*** Begin section ***
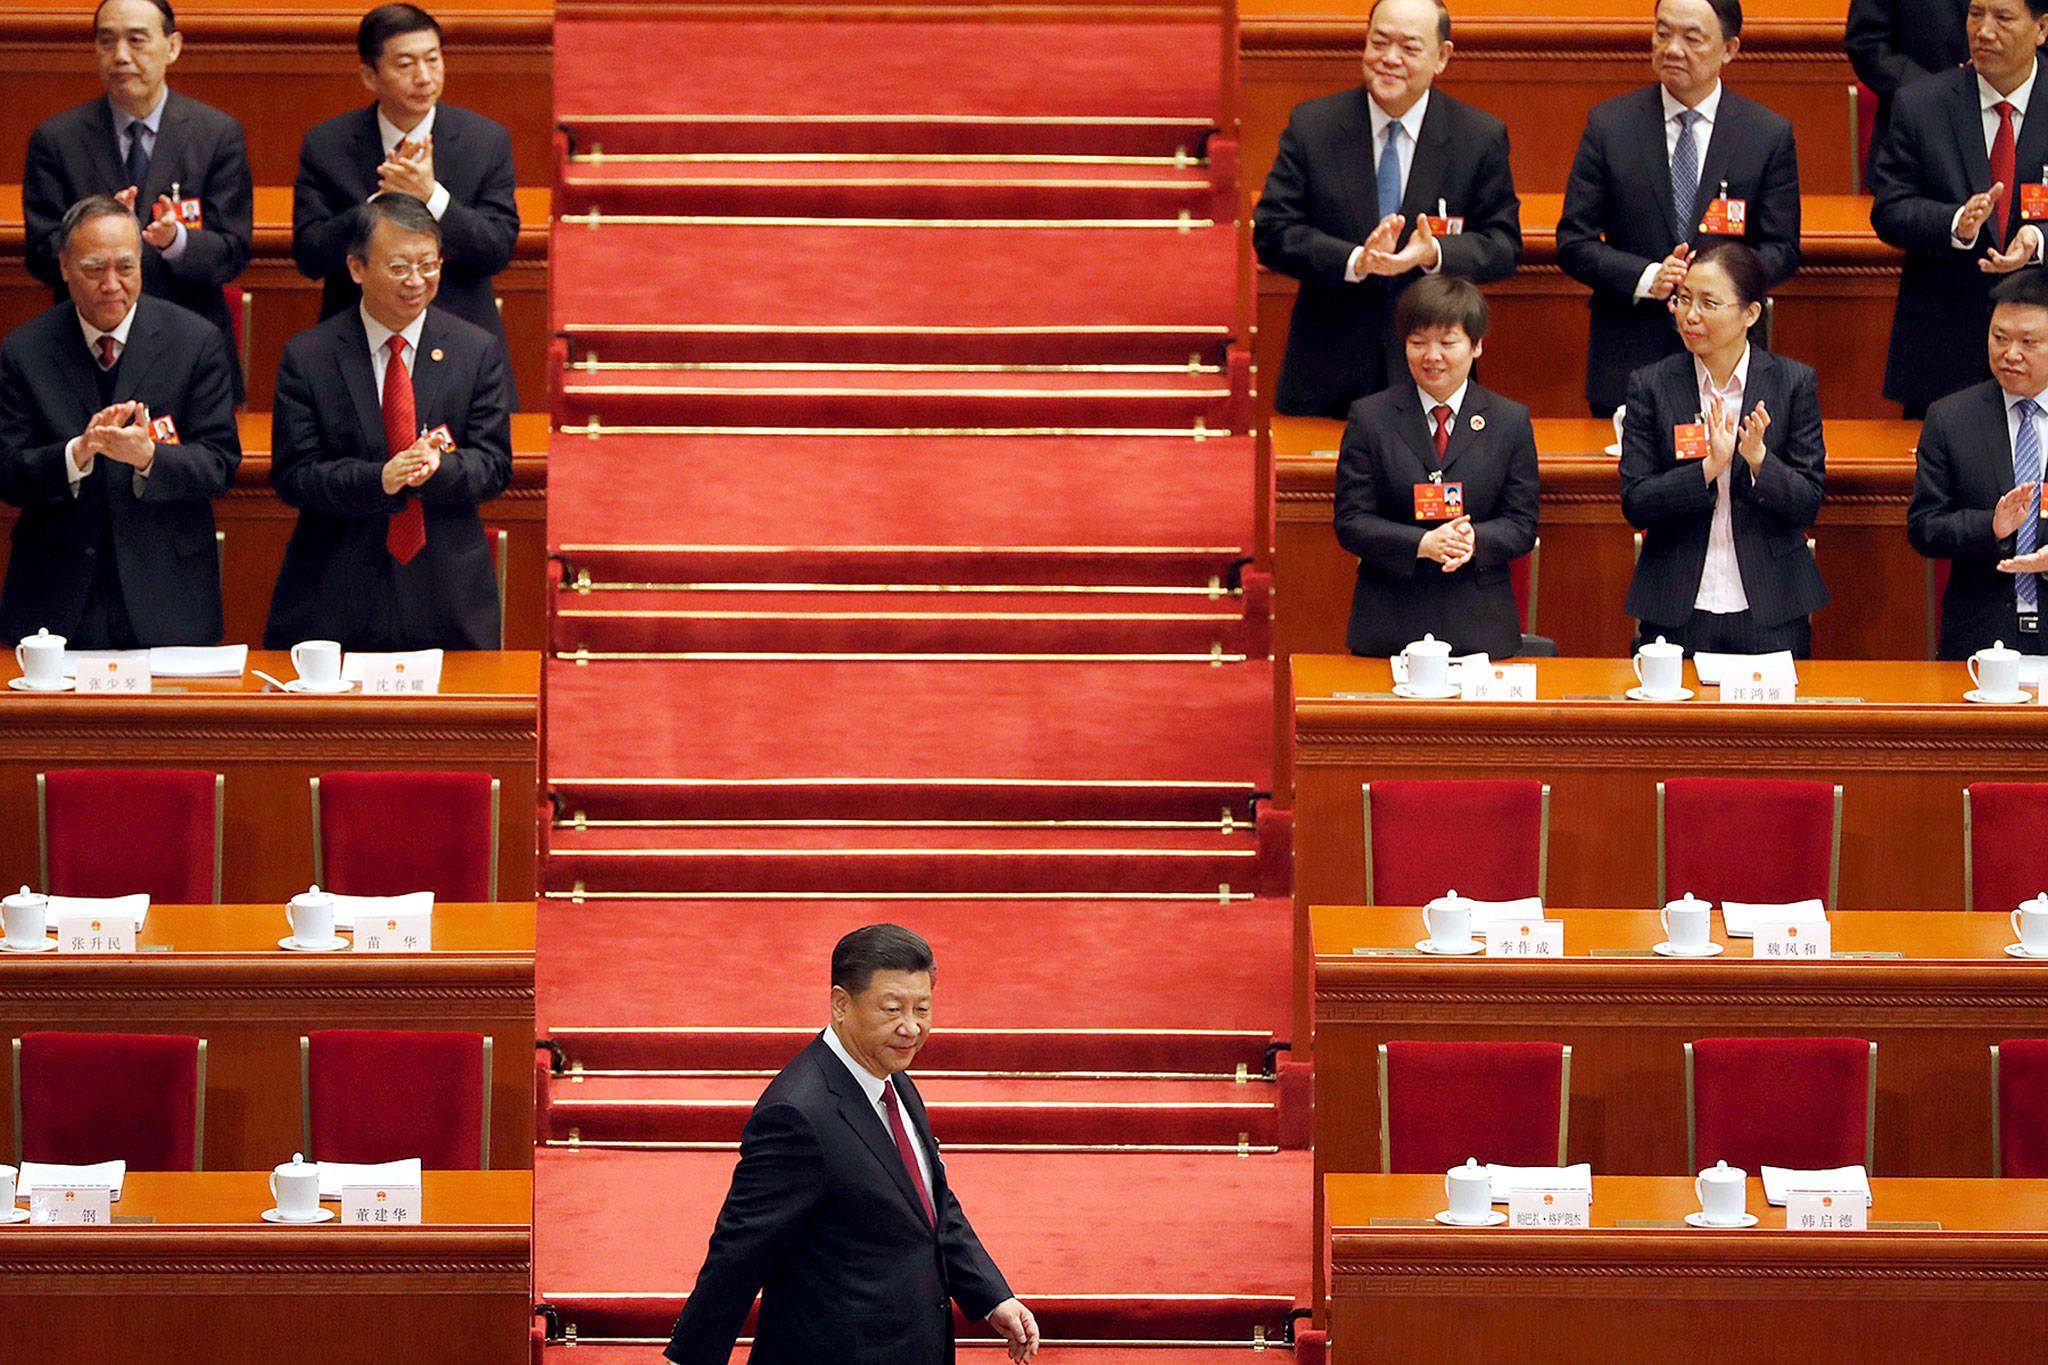 Chinese President Xi Jinping arrives for the opening session of the annual National People’s Congress in Beijing’s Great Hall of the People on Monday. (AP Photo/Ng Han Guan)
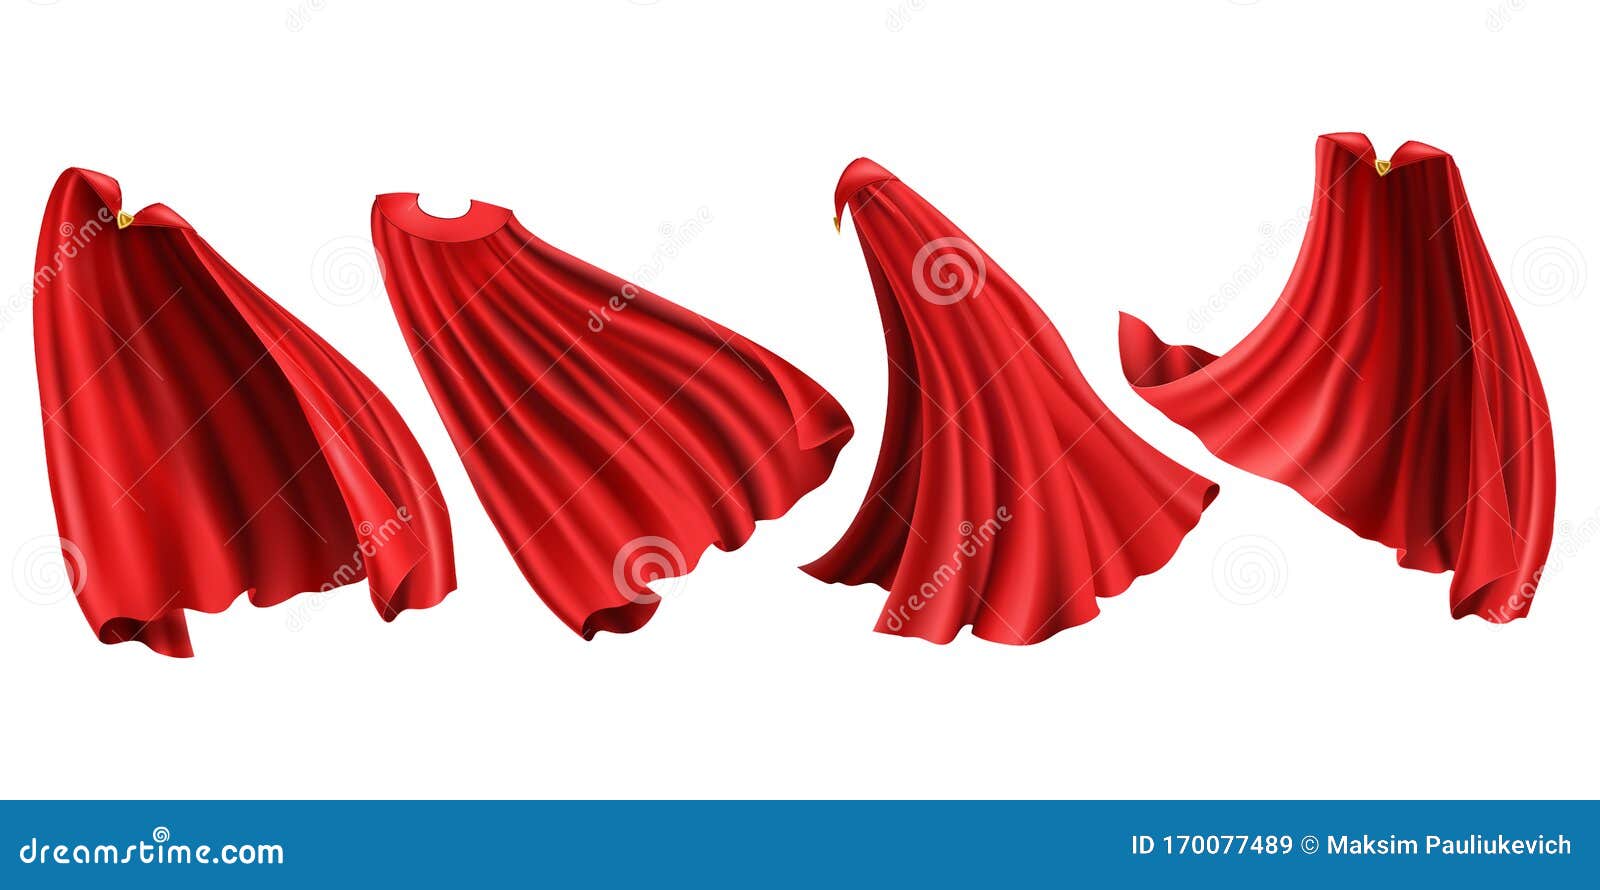 red superhero cloaks with golden clasp clipart set
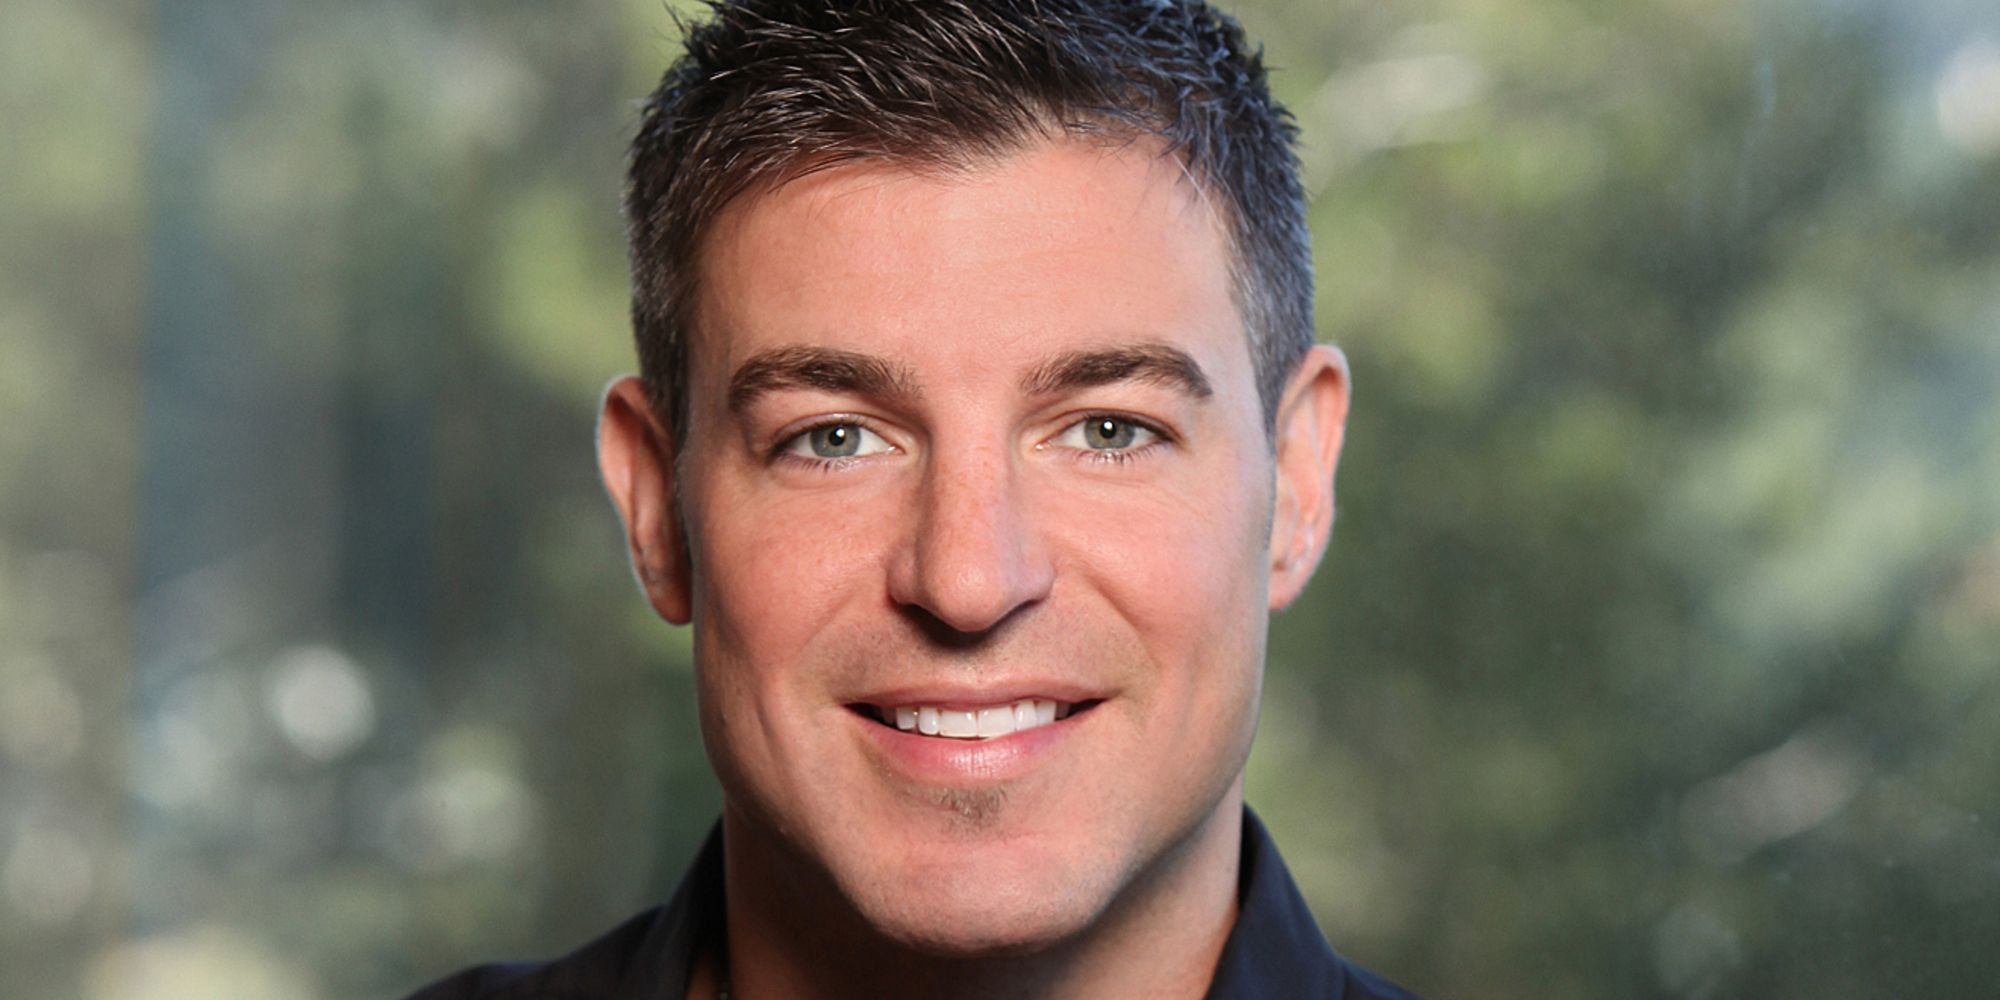 Jeff Schroeder smiling for a promo image for Big Brother 13.
*** End section ***
- ABOUT THIS TASK
Write out the data above exactly as it appears, but without any image.

- RESPONSE TO THIS TASK
 Chinese President Xi Jinping arrives for the opening session of the annual National People’s Congress in Beijing’s Great Hall of the People on Monday. (AP Photo/Ng Han Guan)
 red superhero cloaks with golden clasp clipart set
 Jeff Schroeder smiling for a promo image for Big Brother 13.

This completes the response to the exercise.